BSC channel probability, (binary symmetric channel) I have question regarding the binary symmetric channel (BSC), which assume each channel use is indepedent (i.e, if you send a '0', then you send '1', each time you send it is indepedent of others). Basically, the model of BSC is depicted as below. 

Assume we use repetition of length 3, i.e, if we want to send '0', we actually send '000'; if we want to send '1', we actually send '111'. 
Question 1). Given Bob receive '000', what is the probability that Alice send is '1'?
Question 2) What happen if we don't use repetition? I.e, we want to send '1', and we actually send a '1' instead of '111'. Given  Bob receive 000, what is the probaiblity Alice send '111'?
I got stuck on the second question. I think I have problem calculating $P(B=000)$ using the total probability theorem.

Attempt:
Question #1. 
$P(A=1|B=000)=P(B=000|A=111)*P(A=111)/ P(B=000)$
On the other hand, $P(B=000)=P(B=000|A=111)*P(A=111)+P(B=000|A=000)*P(A=000)$
using independence, we have $P(B=000)=P(B=0|A=1)^3*P(A=1)^3+P(B=0|A=0)^3*P(A=0)^3$
and all we need to do is to plug in $p$ into $P(B=0|A=1)$ and $P(B=1|A=0)$ into the equations.

Update 2:
For Case1: $P(B=000)=P(B=000|A=111)*P(A=111)+P(B=000|A=000)*P(A=000)$
However, for Case2:
$P(B=000)=P(B=000|A=000)*P(A=000)+P(B=000|A=001)*P(A=001)+P(B=000|A=010)*P(A=010).... +P(B=000|A=111)*P(A=111)$
 A: For the second problem, we assume that bits are sent with equal probability of being $0$ or $1$, and that they are independent. A very unreasonable assumption, unless Alice is sending gibberish. It is possible, I don't know Alice.
So given that $000$ was received, we find the probability $111$ was sent. Let $B$ be the event $000$ was received, and $A$ is the event $111$ was sent. We want $\Pr(A|B)$, which is $\frac{\Pr(A\cap B)}{\Pr(B)}$. 
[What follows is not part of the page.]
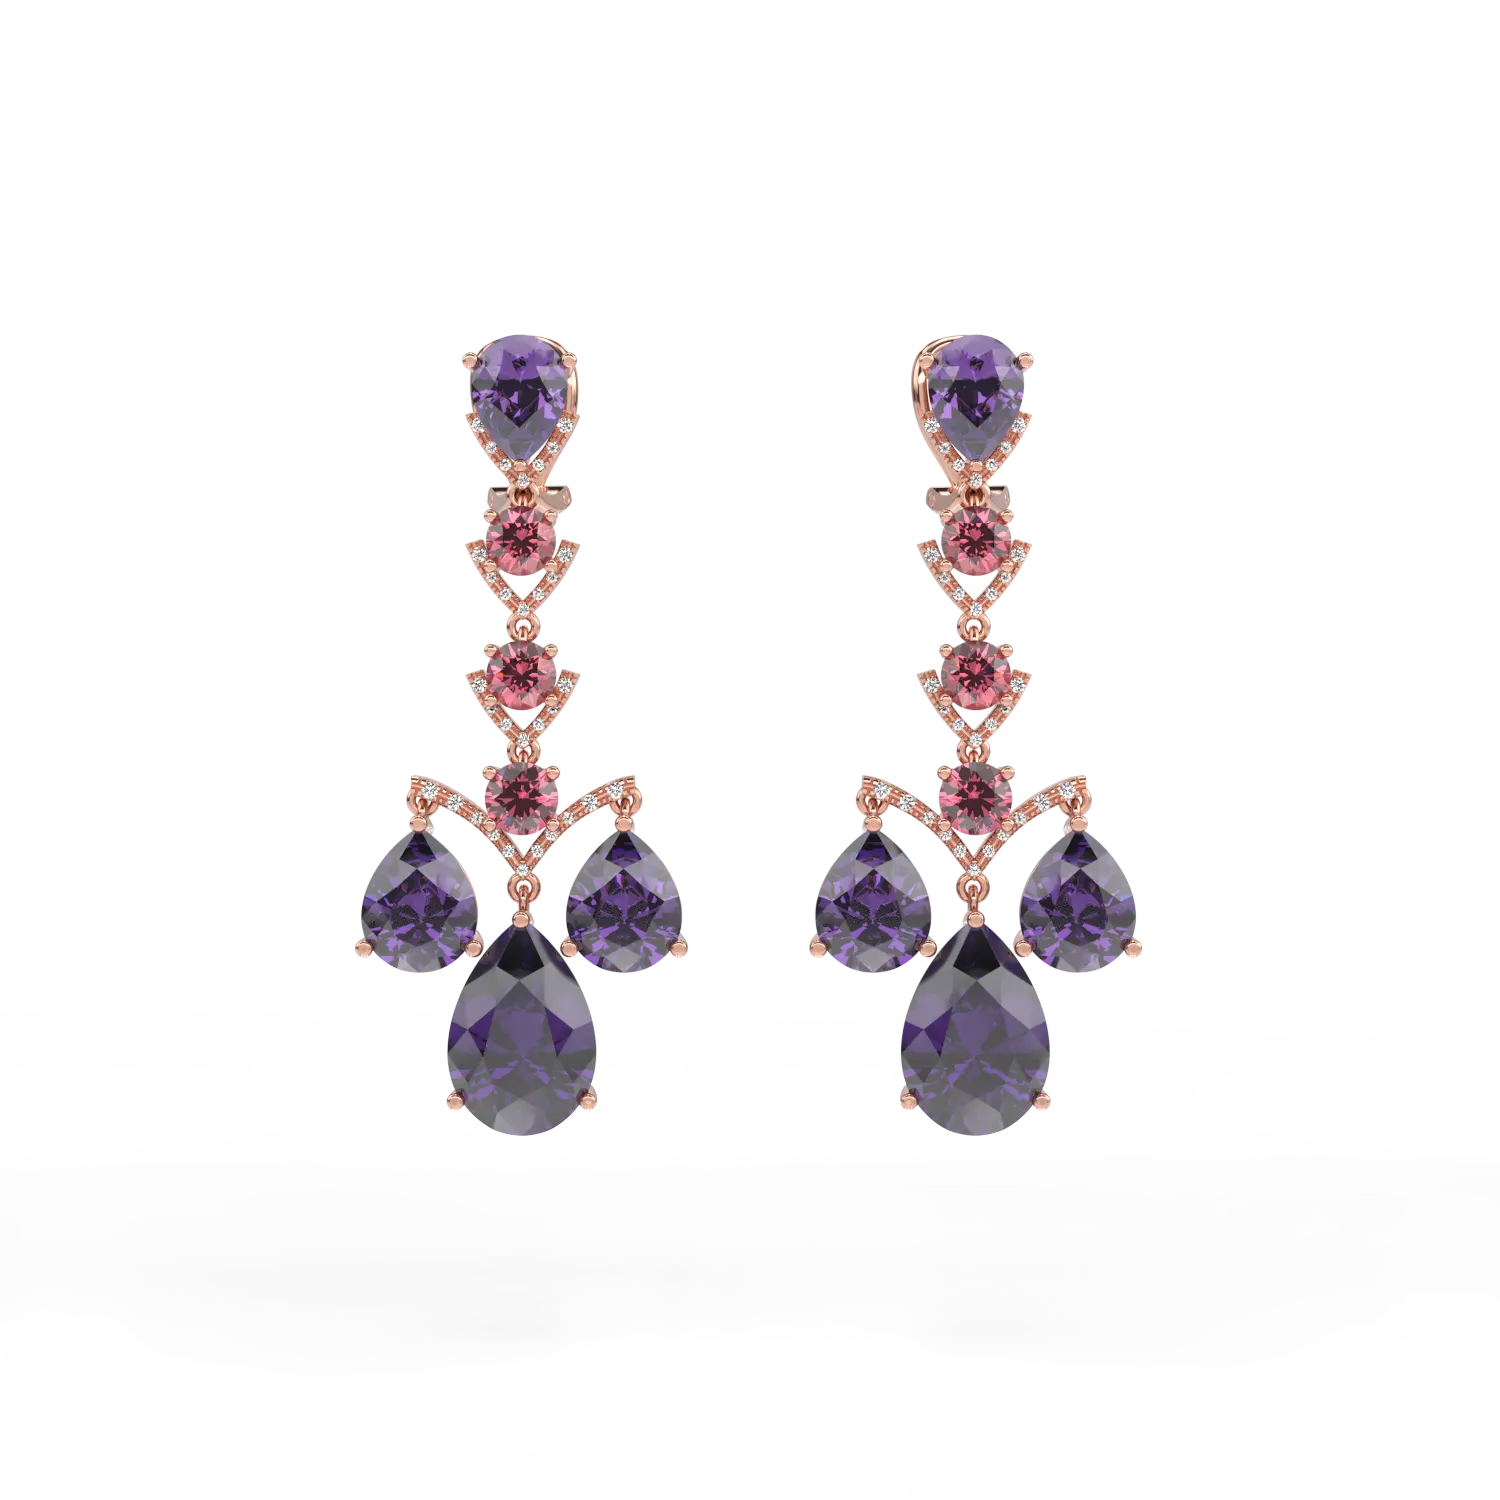 18K rose gold earrings with 27.37ct precious and semiprecious stones

We need to calculate a couple of probabilities. Easiest is $\Pr(A\cap B)$. The probability that $000$ was sent and $111$ received is $\frac{p^3}{8}$.
Now we find $\Pr(B)$. There are several cases. 
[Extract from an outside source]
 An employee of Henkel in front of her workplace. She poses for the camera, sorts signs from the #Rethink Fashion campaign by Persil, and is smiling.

(i) $000$ was received and $111$ sent. We just did this.
(ii) $000$ was received and $000$ was sent. The probability is $\frac{(1-p)^3}{8}$.
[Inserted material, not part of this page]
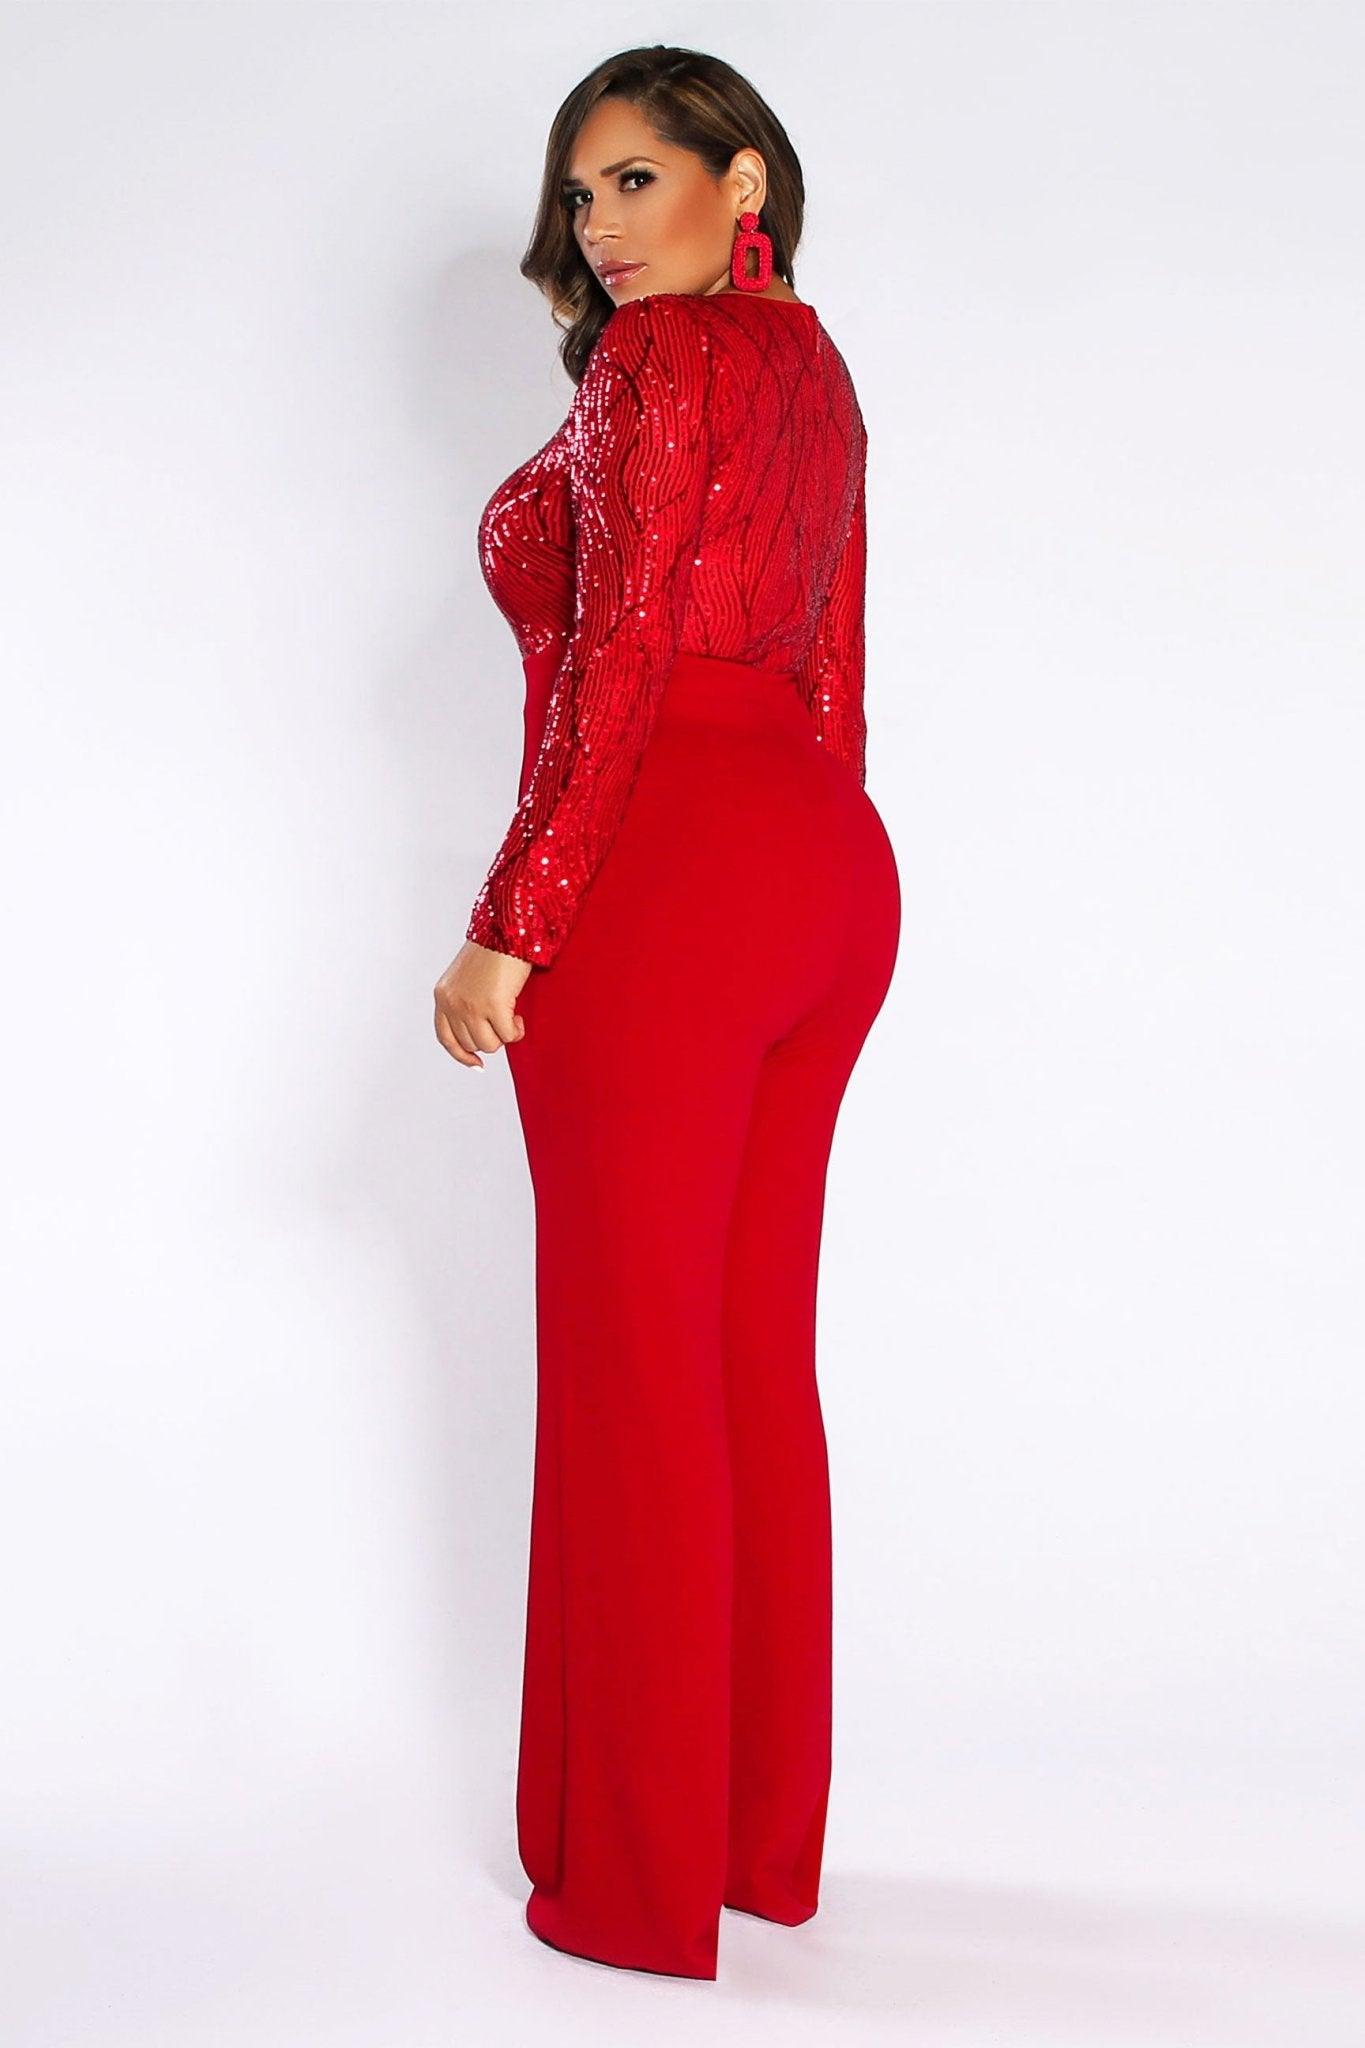 Ellison Gala Sequined Jumpsuit - MY SEXY STYLES

(iii) One $0$ bit and two $1$'s were sent, and $000$ was received. The probability Alice sent a $0$ and two $1$'s is $\frac{3}{8}$. The probability the $0$ got through is $1-p$, and the probability the $1$'s were butchered is $p^2$, for a total of $\frac{(1-p)p^2}{8}$.
(iv) Two $0$ bits and a $1$ were sent, and $000$ received. The probability is $\frac{3(1-p)^2p}{8}$.
Add up the $4$ probabilities above to fin $\Pr(B)$.